We deployed a specific number of Varnish instances for each scenario, with the load-balancing configuration defined by the tester. Each instance has a custom load balancing setup, dynamically generated using VCL (Varnish Configuration Language).

6. Observability

Our previous load-testing solution only offered basic reports after the test had finished, but we needed…

  • Real-time log access: Instant visibility into logs to spot issues and adjust parameters during tests.
  • Quick access to metrics: Key performance stats available as the test runs (not only after completion) for proactive action.
  • Customizable metrics: Flexibility to add custom metrics for different testing scenarios and needs.

… to catch and fix issues in real time.

That’s why we built ICaRUS with a strong observability component.

To manage logs and metrics efficiently, we integrate Vector, a highly efficient tool for building observability pipelines while offering flexibility for processing and transforming it. Vector allows us to:

  • Whitelist k6 metrics to focus on what matters most.
  • Reduce the cardinality of the metrics sent.
  • Have policies for sending the functional metrics generated in k6 scripts.
  • Monitor by functional groups (k6 groups) or individual monitoring by test case.

And it also offers sampling techniques, so we capture only the most relevant logs to avoid system overload

For metrics, we use the xk6-output-prometheus-remote extension, which enables real-time monitoring with just a 15-second delay.

In this setup, k6 sends the metrics to Vector, which acts as a `remote_write`. This means that metrics go straight to Prometheus, centralizing the data and reducing system overload.

This setup is integrated into Grafana so we can have live insights during tests.

Press enter or click to view image in full size

Platform context

Given Zara business and magnitude, Inditex platform operates through multiple clusters globally to support the business expansion in all its aspects (e-commerce and physical stores, but also the associated transport and logistics).

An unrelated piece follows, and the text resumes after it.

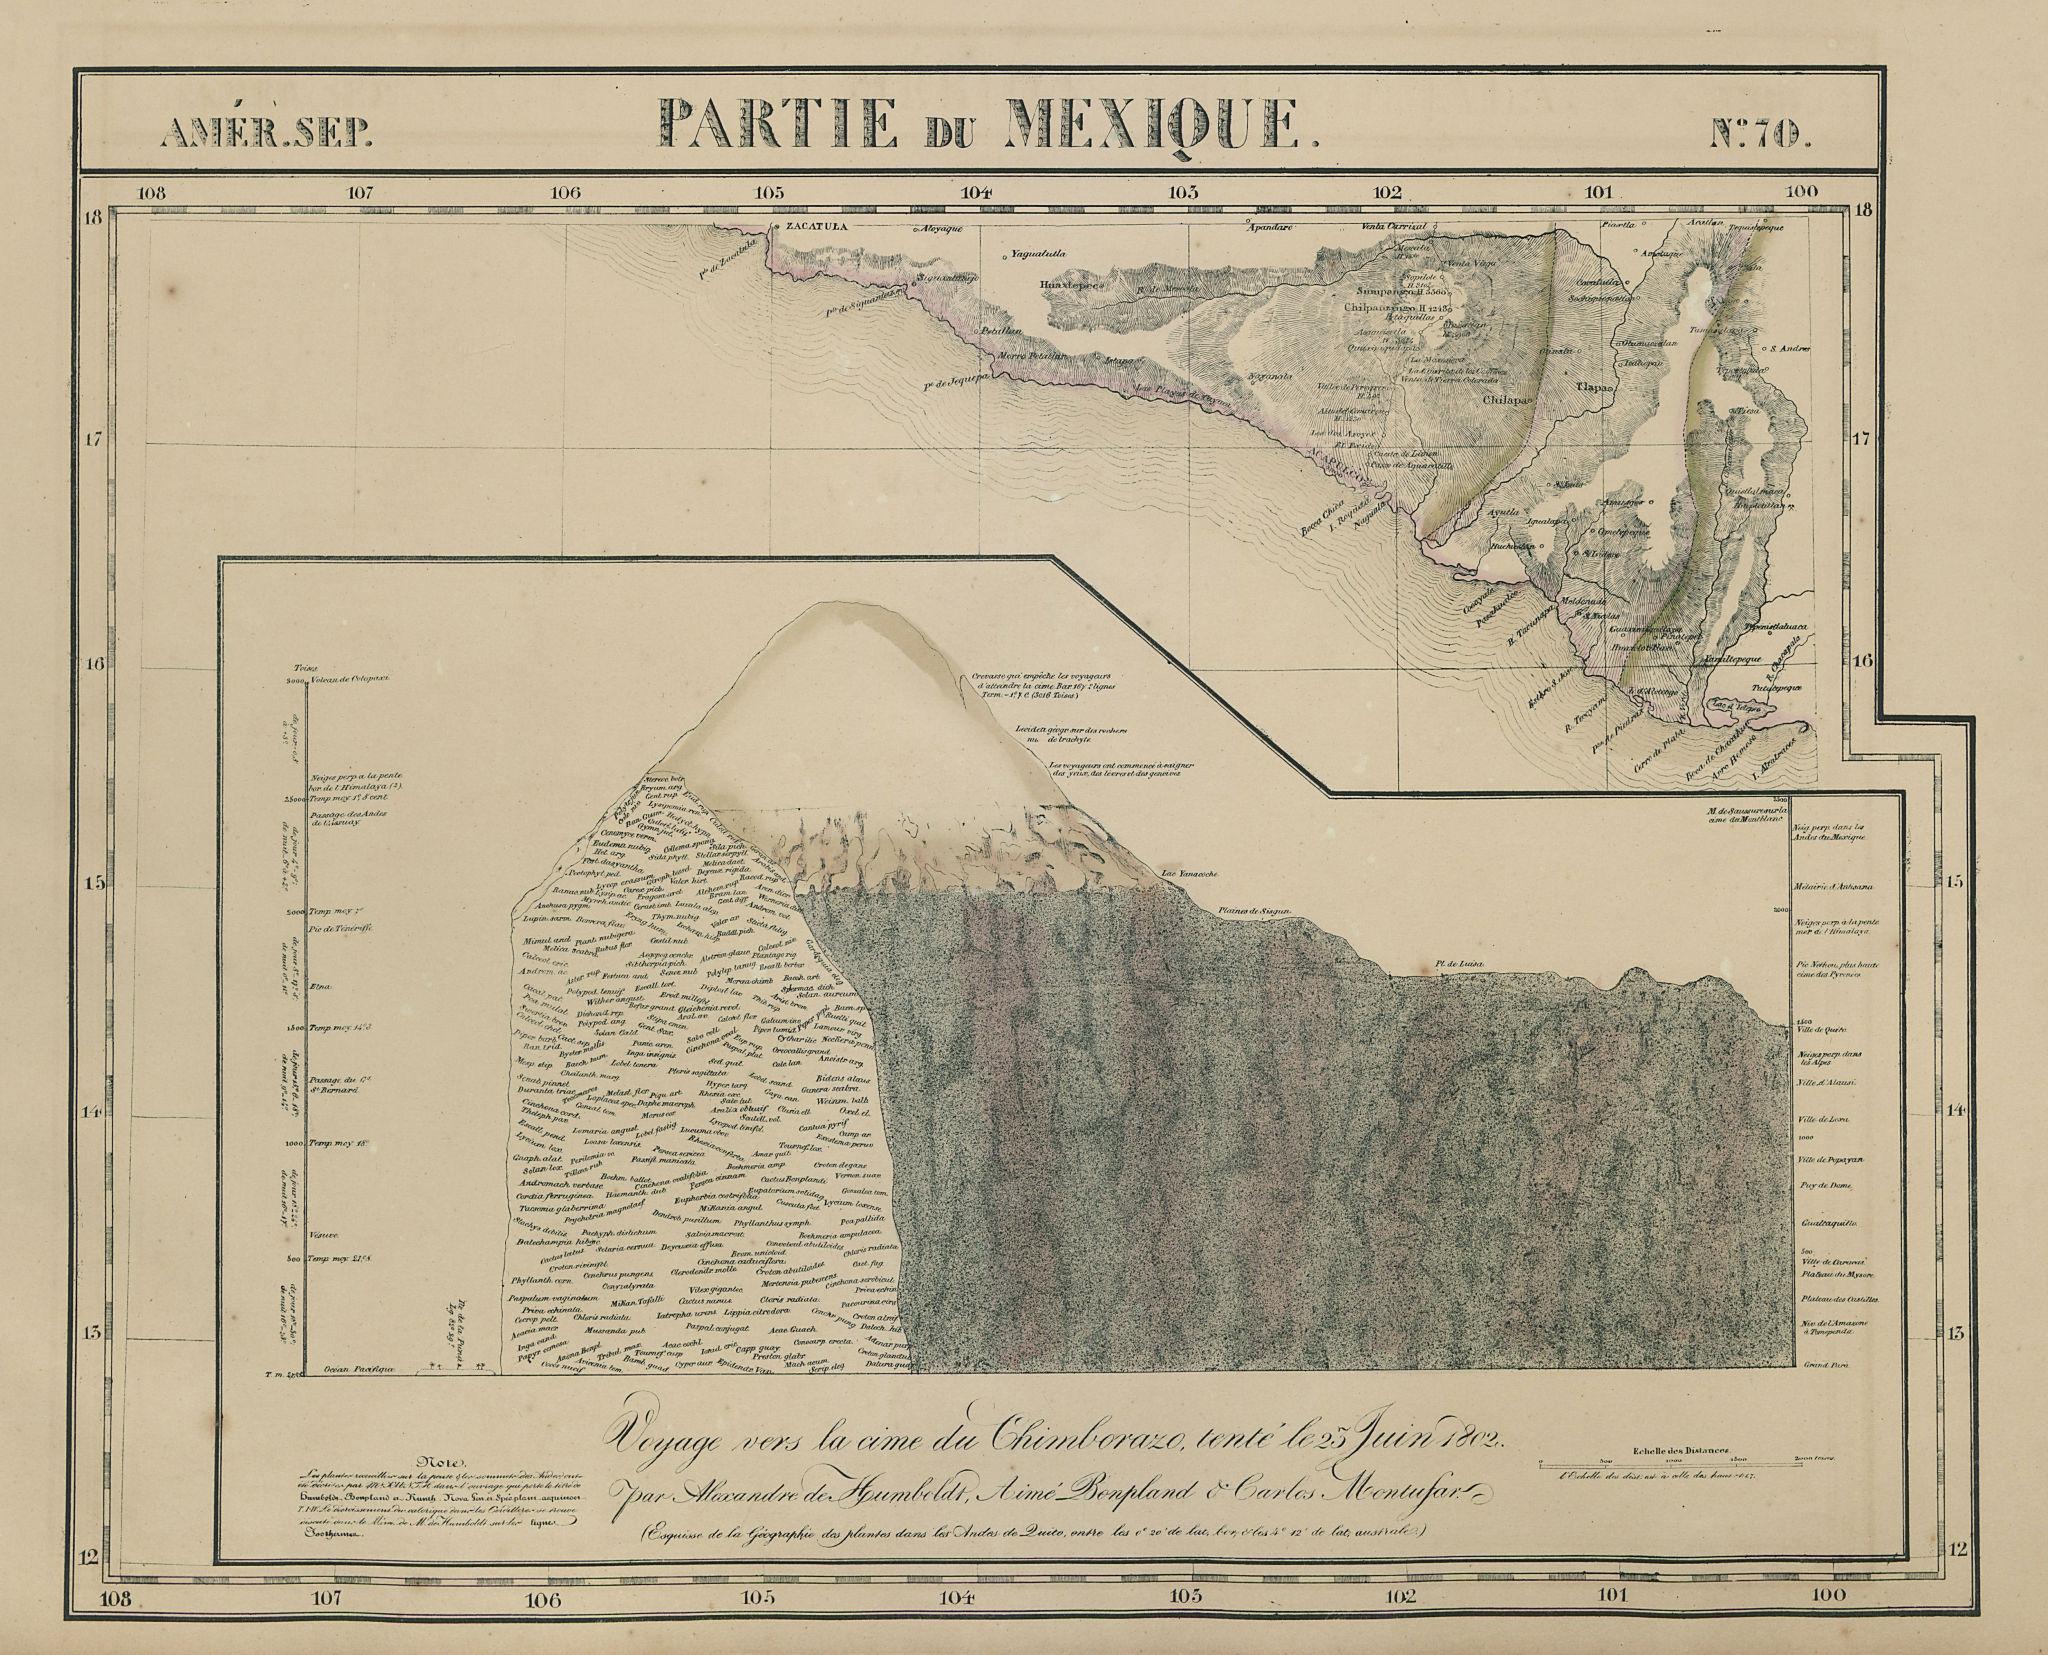 Amér Sep. Partie du Mexique #70 Acapulco Mexico Chimborazo VANDERMAELEN 1827 map

In each cluster, we have created dedicated infrastructure for launching load tests. More specifically: ICaRUS Operator and k6 Operator.

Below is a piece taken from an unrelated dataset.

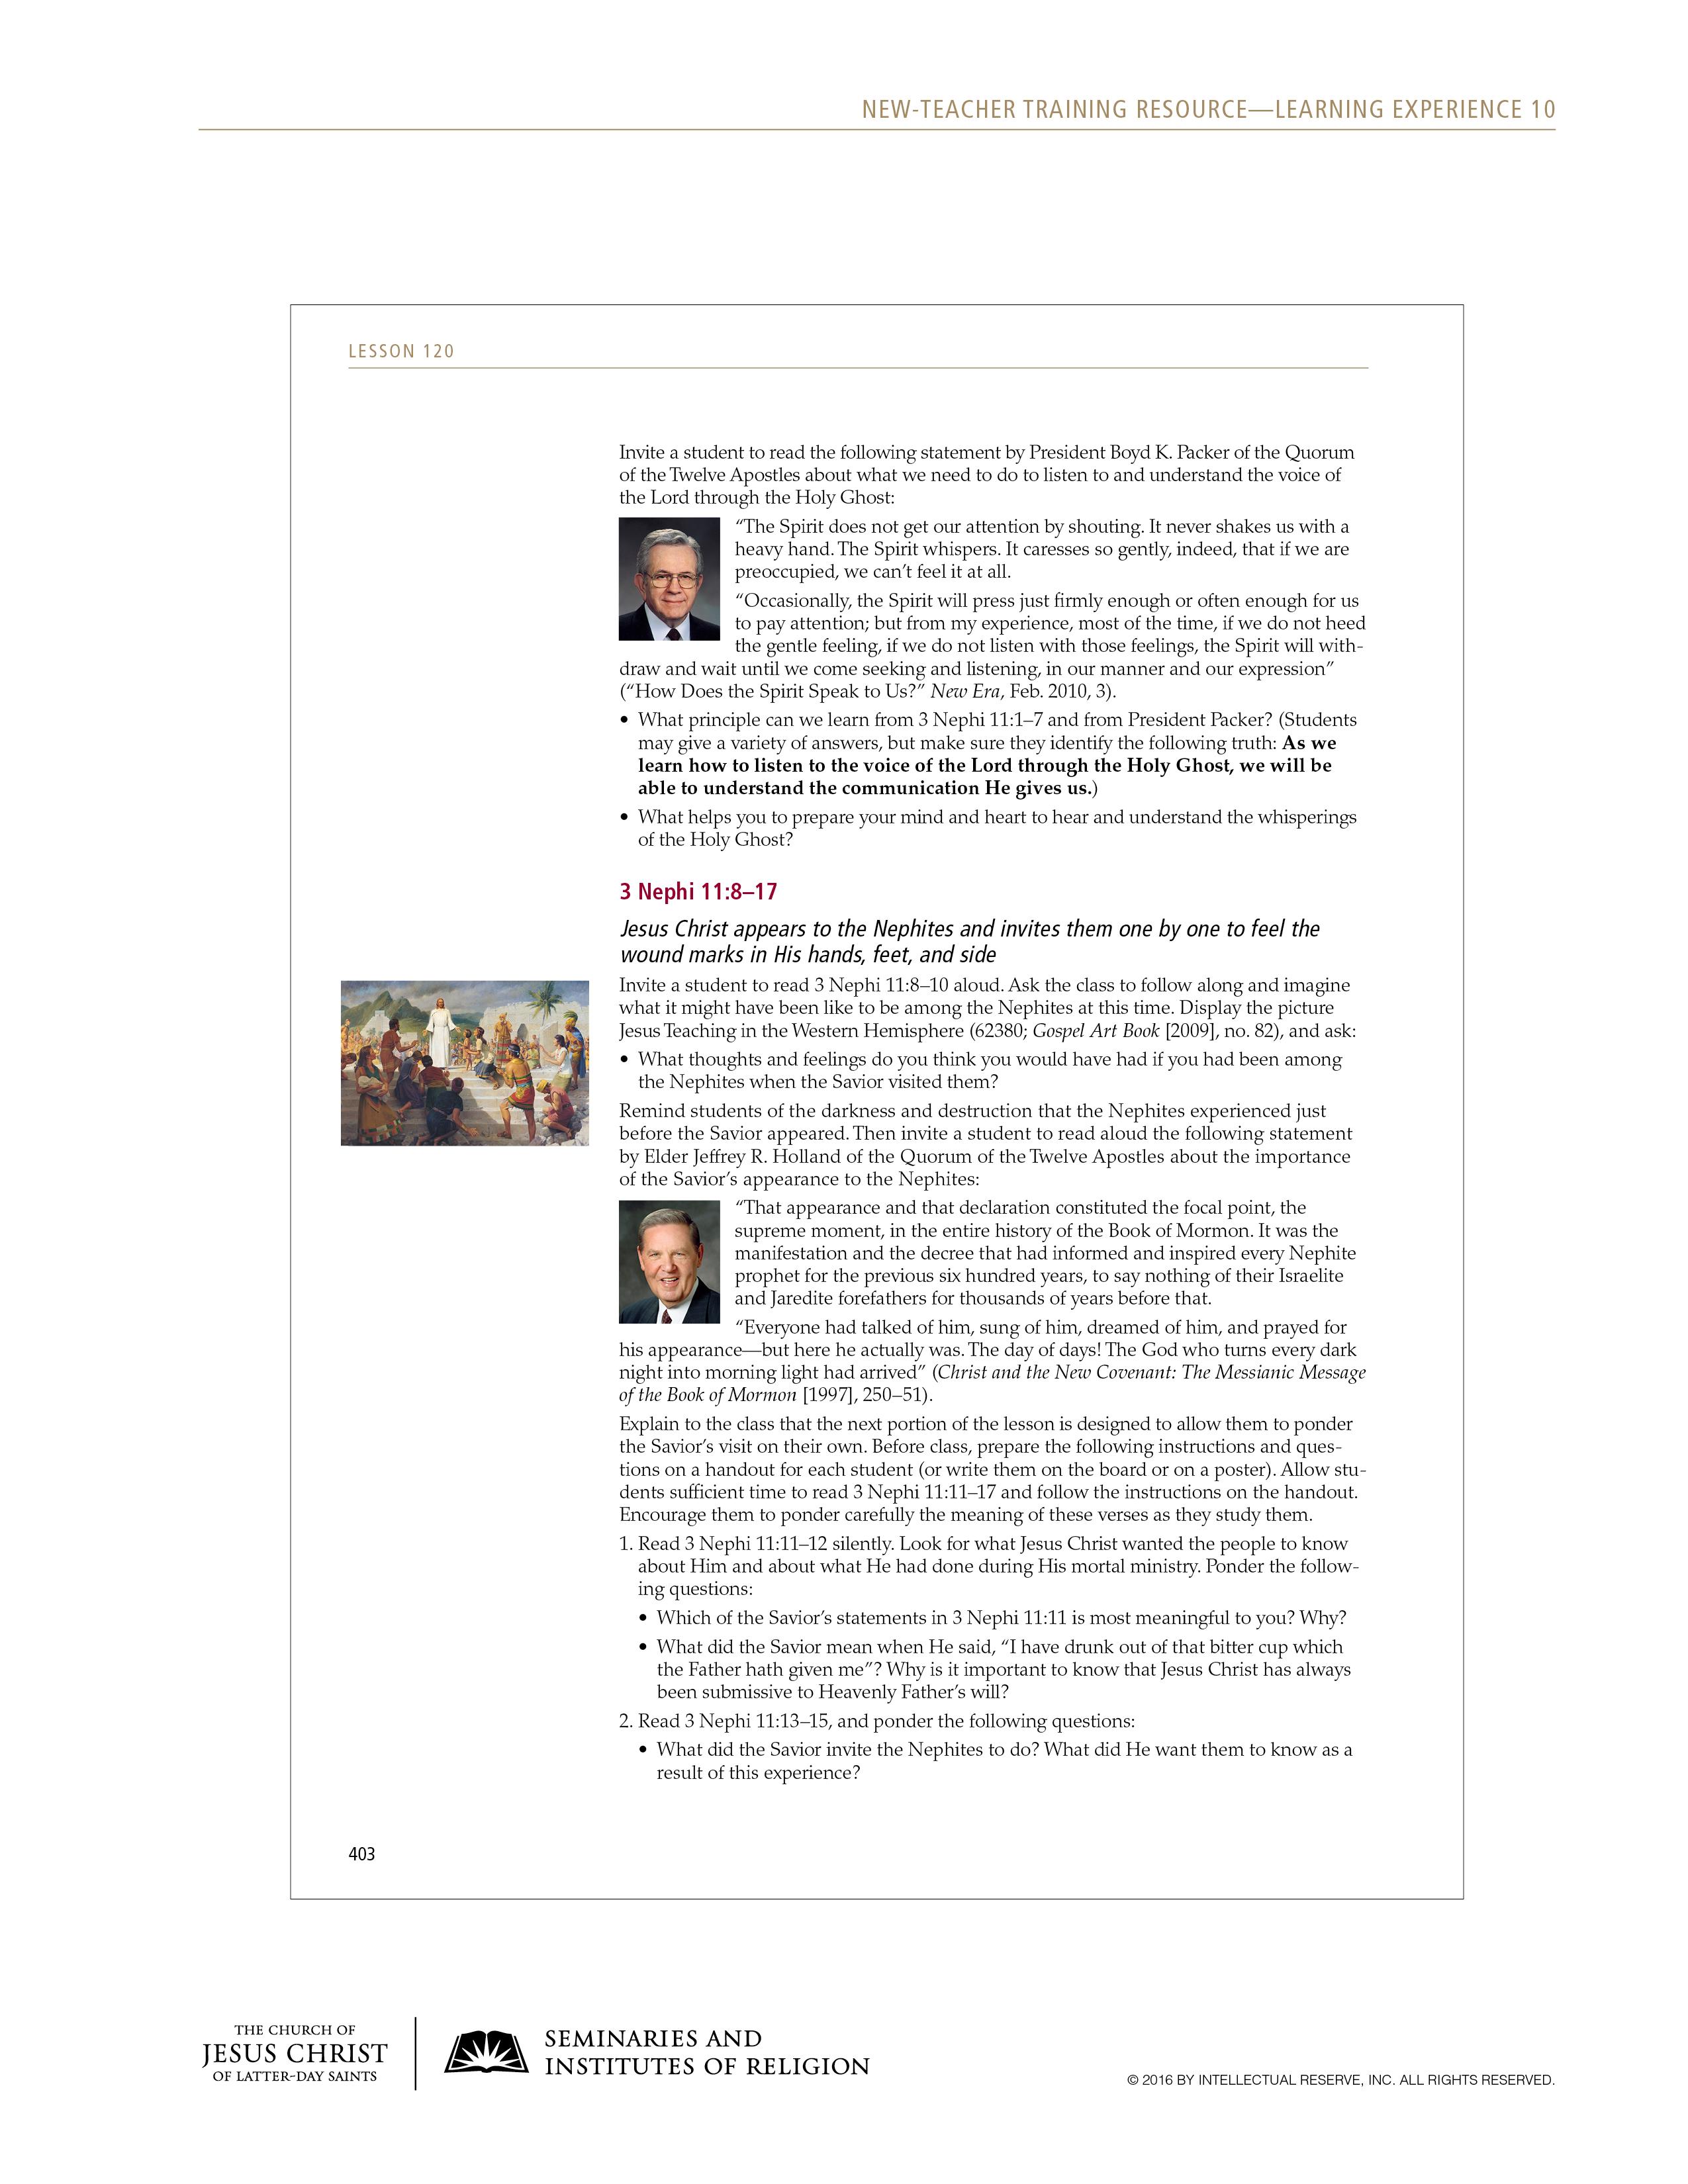 handout, Sample Lesson, page 2

The rest of the services (load balancer, autostop, or observability) are created when the test is launched and are deleted (if specified) once the test has finished.

When launching a load test, testers choose in which cluster to execute the test. They also choose which Azure instances to use: either regular or spot.

Press enter or click to view image in full size

Launching load tests with ICaRUS

With a clear picture of ICaRUS architecture and main components, now it’s time to understand how launching load tests with ICaRUS looks like.

First, the tester defines the test scenario (in ICaRUS DSL).

Then, ICaRUS Server (the orchestrator) communicates (via CRD) with ICaRUS Operator, which calculates the resources needed for the test, factors in the geographic location of the System Under Test (SUT) to ensure the test environment matches the production setup, and selects the Kubernetes cluster for execution.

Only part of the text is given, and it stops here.